» To do:
Copy nothing from the entries below except the lines from the one containing "Article - Non-violence" through the one containing "Die Parteipräsidenten von", and copy those exactly.

[Data excerpts]
= Beginning of Section =

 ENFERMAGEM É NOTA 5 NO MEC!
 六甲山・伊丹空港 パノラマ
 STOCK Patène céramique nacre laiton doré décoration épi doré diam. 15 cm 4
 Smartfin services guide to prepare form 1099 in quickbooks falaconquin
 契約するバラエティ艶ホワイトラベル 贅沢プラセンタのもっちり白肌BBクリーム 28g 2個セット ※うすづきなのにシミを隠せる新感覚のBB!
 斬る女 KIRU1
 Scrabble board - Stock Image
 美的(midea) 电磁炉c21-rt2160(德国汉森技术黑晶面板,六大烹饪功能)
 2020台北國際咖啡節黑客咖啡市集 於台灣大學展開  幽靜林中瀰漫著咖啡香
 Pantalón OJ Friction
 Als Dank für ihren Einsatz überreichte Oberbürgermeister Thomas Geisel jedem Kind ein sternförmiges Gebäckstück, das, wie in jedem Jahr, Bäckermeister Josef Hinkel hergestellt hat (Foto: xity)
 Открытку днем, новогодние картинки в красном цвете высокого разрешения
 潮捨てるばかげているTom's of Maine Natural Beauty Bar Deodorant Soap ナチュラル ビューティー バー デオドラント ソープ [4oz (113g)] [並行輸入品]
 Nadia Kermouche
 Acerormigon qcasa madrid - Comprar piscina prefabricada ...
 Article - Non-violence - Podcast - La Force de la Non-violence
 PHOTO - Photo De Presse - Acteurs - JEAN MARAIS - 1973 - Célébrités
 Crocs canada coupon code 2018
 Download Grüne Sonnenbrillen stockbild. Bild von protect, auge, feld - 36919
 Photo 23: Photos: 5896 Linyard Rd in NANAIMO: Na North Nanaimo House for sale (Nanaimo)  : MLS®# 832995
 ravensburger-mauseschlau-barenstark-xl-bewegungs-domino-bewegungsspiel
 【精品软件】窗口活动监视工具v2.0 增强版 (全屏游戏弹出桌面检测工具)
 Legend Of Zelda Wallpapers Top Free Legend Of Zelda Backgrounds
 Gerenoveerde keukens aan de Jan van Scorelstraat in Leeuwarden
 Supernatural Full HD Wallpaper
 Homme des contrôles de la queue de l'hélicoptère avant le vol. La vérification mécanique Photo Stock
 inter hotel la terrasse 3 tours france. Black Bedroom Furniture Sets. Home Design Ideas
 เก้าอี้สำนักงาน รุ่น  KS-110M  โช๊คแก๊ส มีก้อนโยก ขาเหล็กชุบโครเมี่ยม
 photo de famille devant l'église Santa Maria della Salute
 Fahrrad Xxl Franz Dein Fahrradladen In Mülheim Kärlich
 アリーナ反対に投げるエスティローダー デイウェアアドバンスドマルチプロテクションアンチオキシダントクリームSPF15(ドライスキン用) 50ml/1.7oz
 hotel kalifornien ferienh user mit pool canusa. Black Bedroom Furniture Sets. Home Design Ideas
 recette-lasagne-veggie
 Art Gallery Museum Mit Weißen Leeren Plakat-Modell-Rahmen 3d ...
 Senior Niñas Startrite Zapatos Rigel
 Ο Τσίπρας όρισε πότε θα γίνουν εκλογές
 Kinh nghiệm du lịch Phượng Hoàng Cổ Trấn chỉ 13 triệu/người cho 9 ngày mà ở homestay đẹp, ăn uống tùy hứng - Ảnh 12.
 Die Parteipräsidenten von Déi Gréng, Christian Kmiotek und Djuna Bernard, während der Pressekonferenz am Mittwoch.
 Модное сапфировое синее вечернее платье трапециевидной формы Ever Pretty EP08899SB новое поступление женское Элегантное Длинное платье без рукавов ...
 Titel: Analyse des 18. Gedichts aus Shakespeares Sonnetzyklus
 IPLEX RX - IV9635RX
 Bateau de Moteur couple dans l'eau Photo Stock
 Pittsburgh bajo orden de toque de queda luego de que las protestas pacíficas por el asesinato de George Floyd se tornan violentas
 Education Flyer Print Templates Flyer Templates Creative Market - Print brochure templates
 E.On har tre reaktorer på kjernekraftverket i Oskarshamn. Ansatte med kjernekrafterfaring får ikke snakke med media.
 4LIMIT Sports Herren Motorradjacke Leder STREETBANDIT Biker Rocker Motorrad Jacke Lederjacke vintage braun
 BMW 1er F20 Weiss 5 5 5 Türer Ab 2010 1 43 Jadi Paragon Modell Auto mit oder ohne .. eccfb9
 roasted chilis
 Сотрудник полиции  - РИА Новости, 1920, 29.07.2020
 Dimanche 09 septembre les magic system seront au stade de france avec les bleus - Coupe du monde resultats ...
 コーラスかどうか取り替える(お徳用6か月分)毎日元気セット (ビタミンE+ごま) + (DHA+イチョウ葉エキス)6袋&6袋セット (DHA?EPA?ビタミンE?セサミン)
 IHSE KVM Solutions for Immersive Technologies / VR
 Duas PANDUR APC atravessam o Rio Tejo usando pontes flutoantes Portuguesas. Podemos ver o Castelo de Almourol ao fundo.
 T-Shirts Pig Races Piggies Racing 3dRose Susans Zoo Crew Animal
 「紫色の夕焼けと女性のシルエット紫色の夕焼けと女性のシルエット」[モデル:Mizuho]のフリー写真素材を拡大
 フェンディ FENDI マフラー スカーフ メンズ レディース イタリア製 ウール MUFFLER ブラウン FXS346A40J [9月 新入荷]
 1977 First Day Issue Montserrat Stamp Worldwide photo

= End of Section =

» Exercise response:
 Article - Non-violence - Podcast - La Force de la Non-violence
 PHOTO - Photo De Presse - Acteurs - JEAN MARAIS - 1973 - Célébrités
 Crocs canada coupon code 2018
 Download Grüne Sonnenbrillen stockbild. Bild von protect, auge, feld - 36919
 Photo 23: Photos: 5896 Linyard Rd in NANAIMO: Na North Nanaimo House for sale (Nanaimo)  : MLS®# 832995
 ravensburger-mauseschlau-barenstark-xl-bewegungs-domino-bewegungsspiel
 【精品软件】窗口活动监视工具v2.0 增强版 (全屏游戏弹出桌面检测工具)
 Legend Of Zelda Wallpapers Top Free Legend Of Zelda Backgrounds
 Gerenoveerde keukens aan de Jan van Scorelstraat in Leeuwarden
 Supernatural Full HD Wallpaper
 Homme des contrôles de la queue de l'hélicoptère avant le vol. La vérification mécanique Photo Stock
 inter hotel la terrasse 3 tours france. Black Bedroom Furniture Sets. Home Design Ideas
 เก้าอี้สำนักงาน รุ่น  KS-110M  โช๊คแก๊ส มีก้อนโยก ขาเหล็กชุบโครเมี่ยม
 photo de famille devant l'église Santa Maria della Salute
 Fahrrad Xxl Franz Dein Fahrradladen In Mülheim Kärlich
 アリーナ反対に投げるエスティローダー デイウェアアドバンスドマルチプロテクションアンチオキシダントクリームSPF15(ドライスキン用) 50ml/1.7oz
 hotel kalifornien ferienh user mit pool canusa. Black Bedroom Furniture Sets. Home Design Ideas
 recette-lasagne-veggie
 Art Gallery Museum Mit Weißen Leeren Plakat-Modell-Rahmen 3d ...
 Senior Niñas Startrite Zapatos Rigel
 Ο Τσίπρας όρισε πότε θα γίνουν εκλογές
 Kinh nghiệm du lịch Phượng Hoàng Cổ Trấn chỉ 13 triệu/người cho 9 ngày mà ở homestay đẹp, ăn uống tùy hứng - Ảnh 12.
 Die Parteipräsidenten von Déi Gréng, Christian Kmiotek und Djuna Bernard, während der Pressekonferenz am Mittwoch.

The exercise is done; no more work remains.